Na rede, em geral, não existe uma figura intermediária entre o emissor e o receptor de ideias, como editoras ou produtoras. Assim, o fluxo de informação acontece de uma maneira muito mais livre e fluída do que qualquer outro meio de comunicação. Nessa linha, o blog é uma ferramenta que pode ser utilizada por qualquer cidadão que deseje se expressar acerca de um determinado assunto, impulsionando a circulação de ideias e informações na sociedade.

Desta forma, aplicar a blogs uma regra pensada para os meios tradicionais de comunicação, como jornais e publicações periódicas, representa uma ameaça a essa nova dinâmica de circulação de informações e uma barreira ao exercício do direito humano à liberdade de expressão. Em primeiro lugar porque exigir o registro cria um processo burocrático que dificulta a livre circulação de informações na rede.

Em segundo lugar, porque a exigência do pagamento de taxas para manutenção de blogs, que em geral não tem finalidade lucrativa e nem são geridos por grupos empresariais, pode representar um peso financeiro que muitos blogueiros não tem condições de arcar. Cria-se, assim, uma barreira econômica ao exercício da liberdade de expressão na internet, ferindo também o princípio da isonomia, uma vez que somente aqueles com condições financeiras poderão manter seus blogs.

Em terceiro lugar, temos que o registro dos blogueiros pode ser uma forma de censura prévia. Os blogueiros, muitas vezes, atuam como figuras críticas ao governo, instituições e indivíduos que detêm alguma forma de poder. O armazenamento desses dados pelo poder público é uma forma de controle que intimida o exercício da liberdade de expressão. Além disso, os dados podem ser usados para que os indivíduos, que se sintam atingidos pelas postagens persigam os blogueiros e os coloque em situação de risco.

Uma lei muito mais adequada para regular a situação dos blogueiros dentro do nosso ordenamento é o Marco Civil da Internet (Lei 12.965/2014). O Marco Civil apresenta alguns princípios que foram construídos em torno da internet como a garantia da liberdade de expressão, comunicação e manifestação do pensamento, a promoção do acesso à internet a todos, a pluralidade e a diversidade da rede. A imposição de entraves administrativos e econômicos ao livre fluxo de informação na internet fere tais princípios existentes no Marco Civil da Internet.

Nesse sentido, tendo em vista que a interpretação extensiva da Lei de Registros Civis é completamente deslocada da dinamicidade da internet, temos que o Marco Civil da Internet é a norma mais adequada para tratar do tema e este não traz qualquer necessidade de registro de blogueiros.

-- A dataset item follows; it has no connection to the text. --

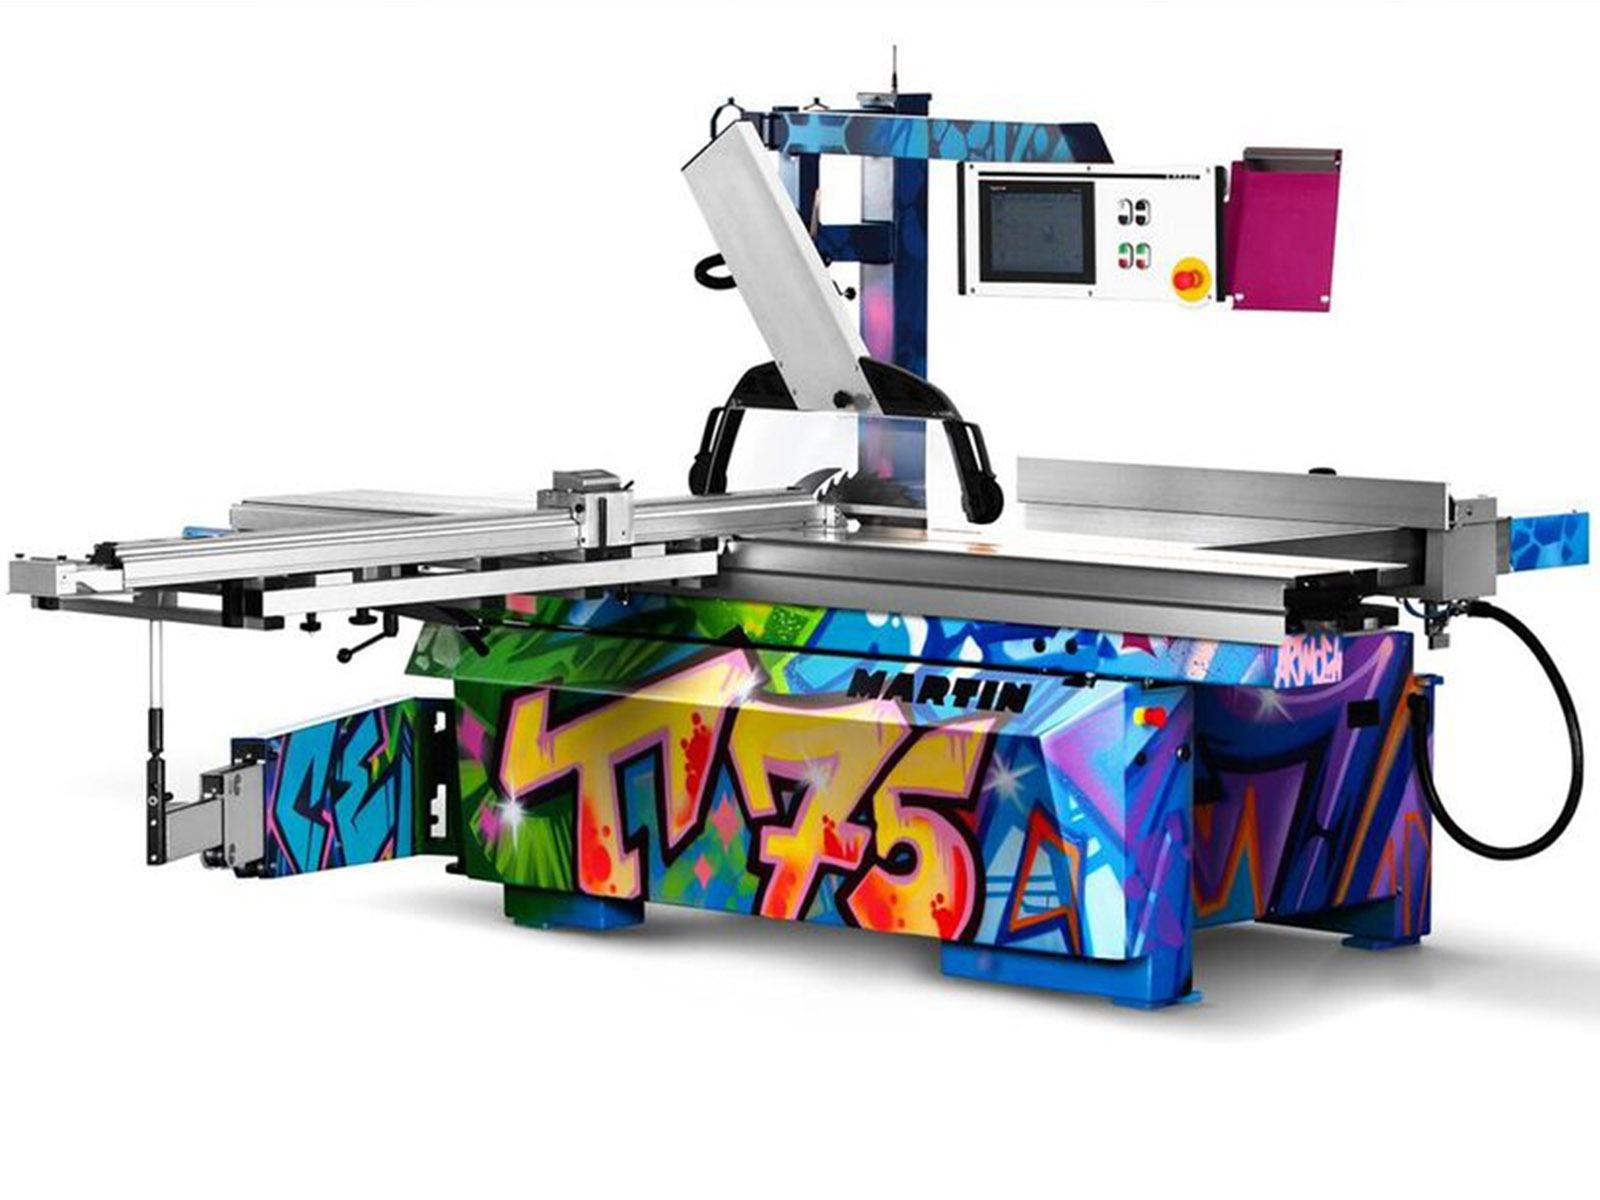 graffitiauftrag-graffitikuenstler-artmos4-otto-martin-gmbh-formatkreissaege2-artmos4-graffitiauftrag-graffiti-syle-tag-streetart-maschine
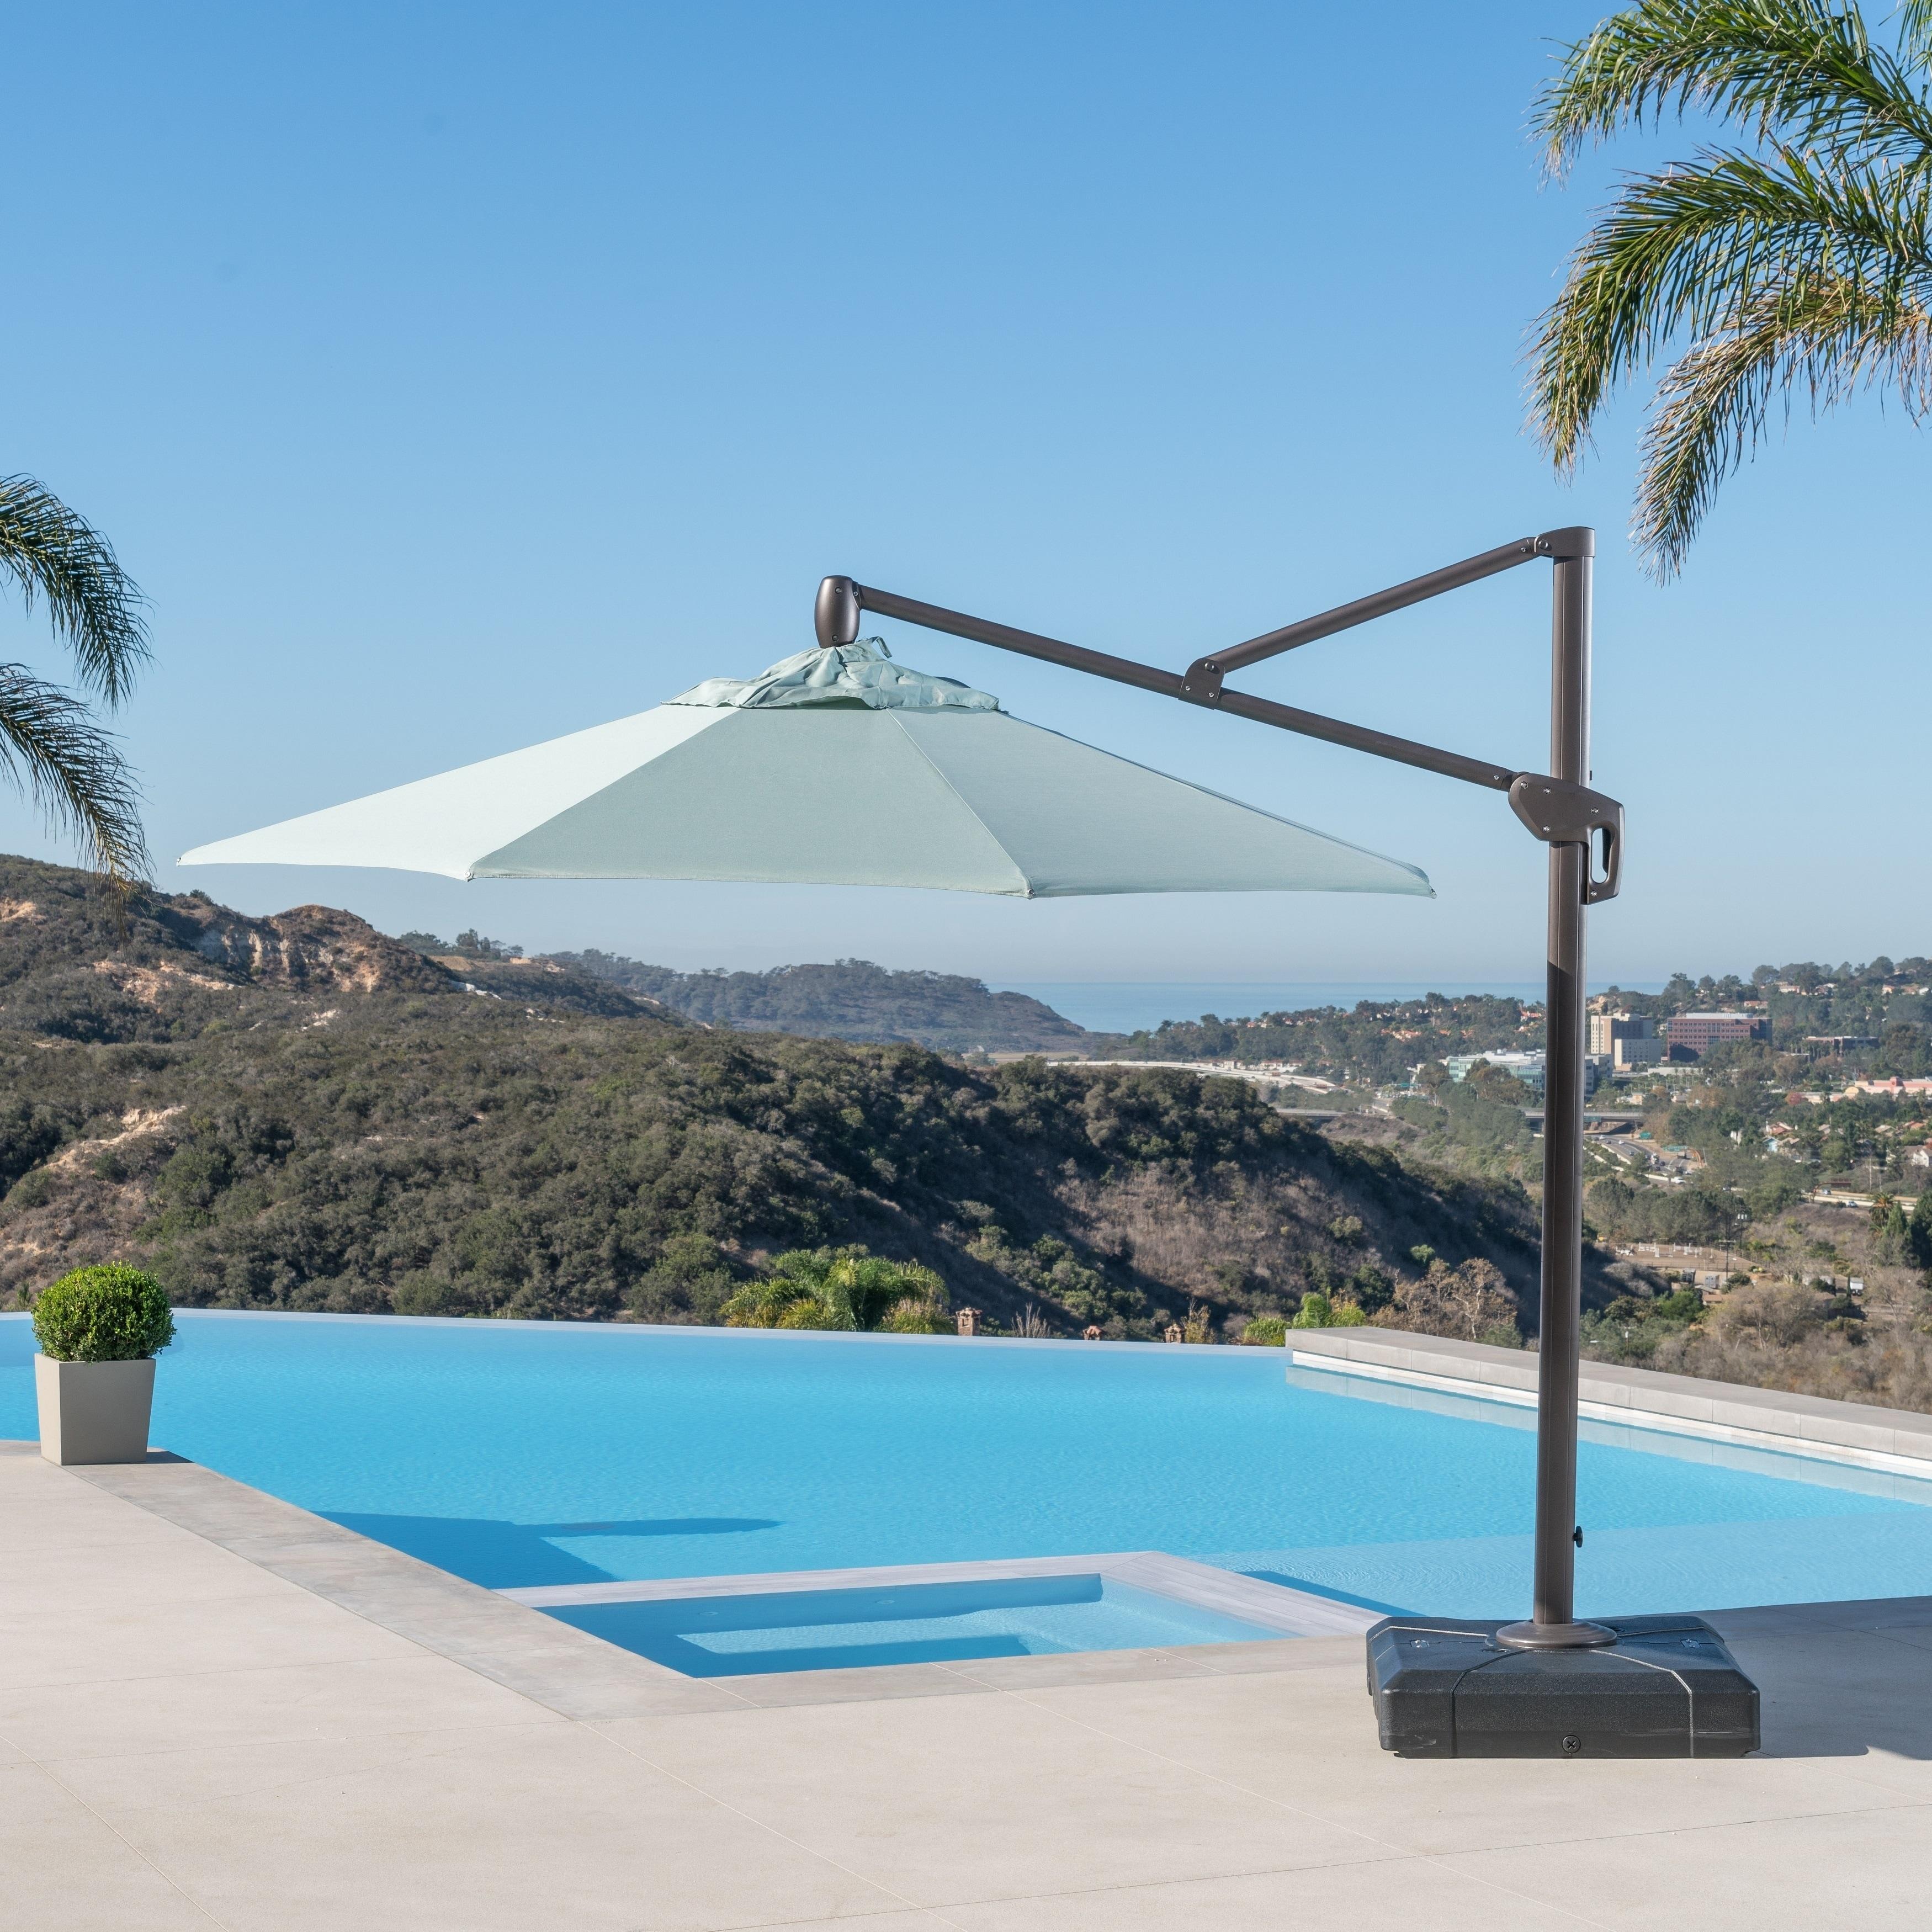 RST Brands Modular Outdoor 10 Foot Round Umbrella In Bliss Blue

A conduta da Justiça do Acre de obrigar que 133 blogueiros efetuem registro e paguem uma elevada taxa para poderem se expressar representa grande cerceamento à liberdade de expressão. Tais medidas podem levar ao fechamento de blogs e até desincentiva o uso da ferramenta, quando nosso ordenamento busca exatamente o contrário: incentiva o acesso à internet e o exercício da liberdade de expressão nesse meio de comunicação.

Assim, recomendamos que a Vara reveja a decisão tomada e se abstenha de exigir o registro e a cobrança de taxa para o funcionamento de blogs, evitando empecilhos para o execício dos direitos de liberdades de expressão, acesso à informação e pluralismo, e respeitando as particularidades da internet frente a outros meios de comunicação.